For example, FIG. 2C depicts an example implementation of virtual
switch 270 for allocation of packets from NIC 200 to descriptor
rings 220-0 to 220-n and memory pools 224-0 to 224-n. As shown in
FIG. 2C, virtual switch 270 can execute on a same or different core
as that of poll mode driver 274.
[0041] Referring again to FIG. 2B, virtual switch 270 can determine
a virtual machine to process the received packet and allocate the
received packet to a virtual interface among virtual interfaces
278-0 to 278-m. For example, virtual switch 270 can identify a
destination VM using switch logic (e.g., match action tables) to
allocate the packet to the virtual interface associated with the
destination virtual machine. A map action table can map a priority
queue of virtual switch 270 to a VM and its destination priority
queue. A virtual interface can be associated with a single VM or
multiple VMs. The packet can be allocated to the same priority
queue (e.g., virtio ring or simple ring buffer) of the destination
VM via a virtual interface. Virtual interfaces 278-0 to 278-m can
be implemented using a DPDK vhost-user and provides packets to a
receive queue of a destination VM via Quick Emulator (QEMU) or
virtio rings (bypassing the kernel). Virtual switch 270 can
identify a destination VM and copy the packet into same priority
queue of destination VM (e.g. using a DMA operation). A same number
of priority queues can be allocated for each destination VM as a
number of priority queues used by virtual switch 270.

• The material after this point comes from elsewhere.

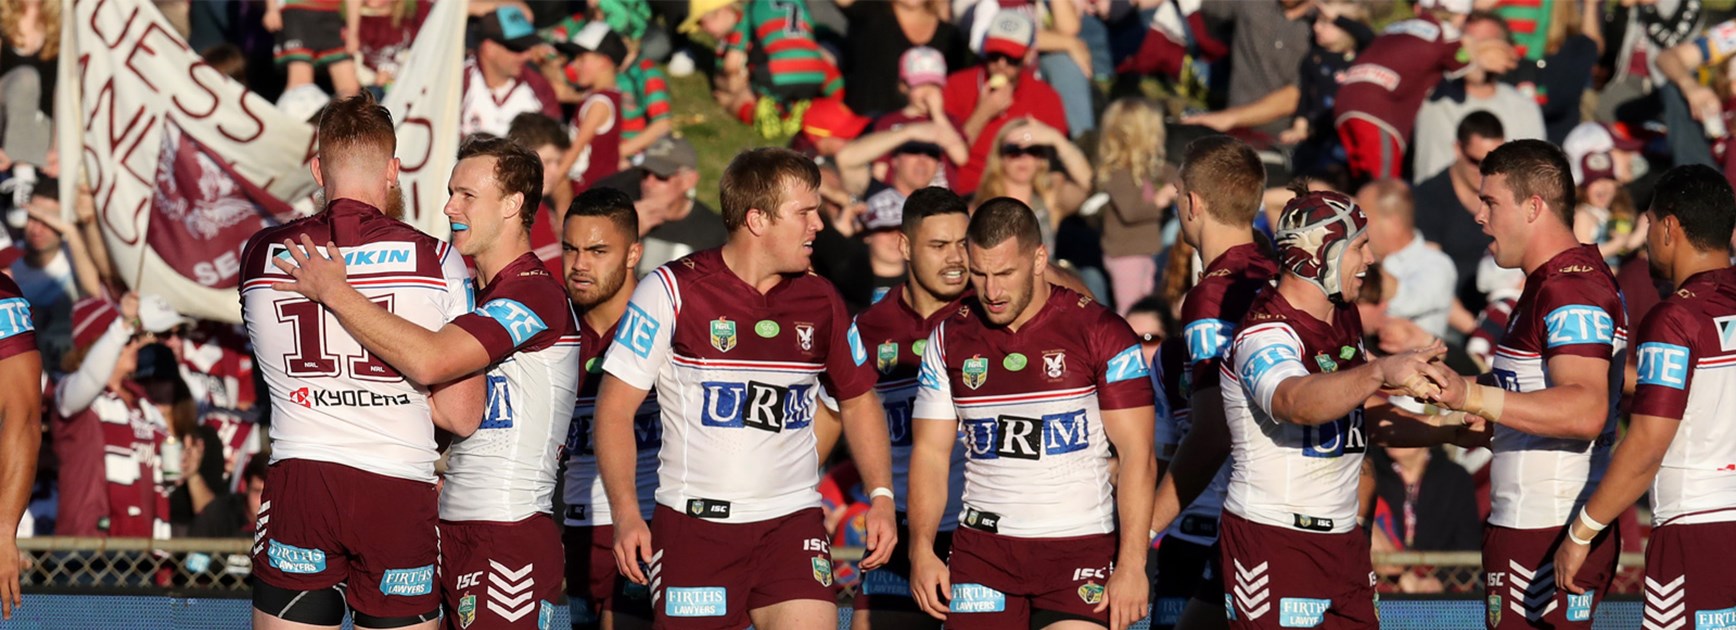 Manly celebrate a try against the Knights at Brookvale Oval in Round 21.
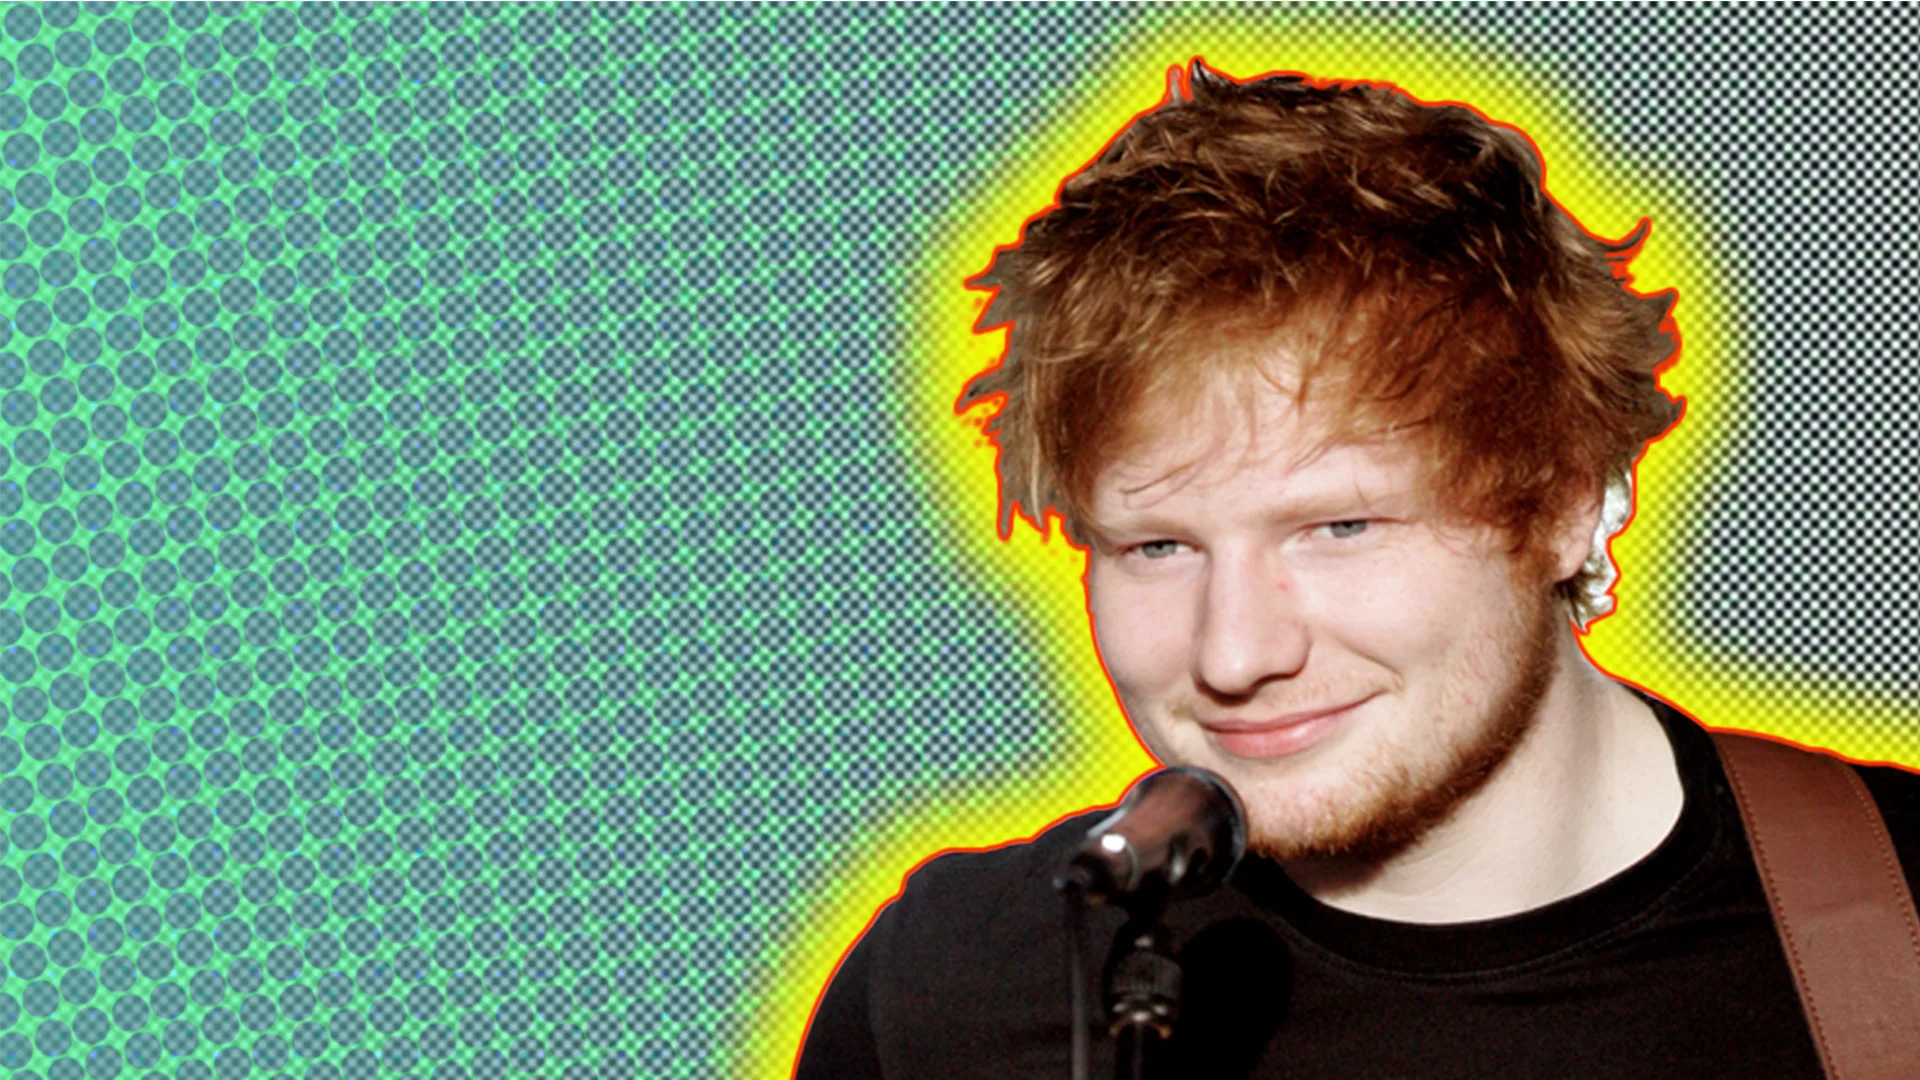 Ed Sheeran with a mic - in graphic house style

[0042] The poll mode driver used by a virtual machine (VM) can poll
for available packets via virtual interfaces 278-0 to 278-m.
Switching logic in virtual switch 270 can determine the destination
VM and priority ring. The driver in the destination VM will
allocate from and free the descriptors to the memory pool
associated with the priority ring. In some examples, a DMA copy can
be made from a from virtual switch address space to destination VM
address space for one or more of a descriptor or packet content to
the same priority level queue and same priority level of memory
buffer.
[0043] If virtual switch 270 does not receive a packet priority
from NIC 200, then virtual switch 270 performs packet priority
determination. Packet priority determination can be made by reading
the PCP field of the VLAN packet or DSCP field of the IP packet. If
NIC 200 does not perform packet classification, then virtual switch
270 can identify the packet priority and destination VM by reading
it from the packet header and put the packet into appropriate
priority queues in response to polls from a destination VM.
Subsequently, a destination VM can employ a virtual network
function (VNF) to apply congestion management and admission polling
policy to access the packet and perform packet processing on the
packet.
[0044] A virtual machine (VM) can be software that runs an
operating system and one or more applications. The virtual machine
is defined by specification, configuration files, virtual disk
file, NVRAM setting file, and the log file and is backed by the
physical resources of a host computing platform.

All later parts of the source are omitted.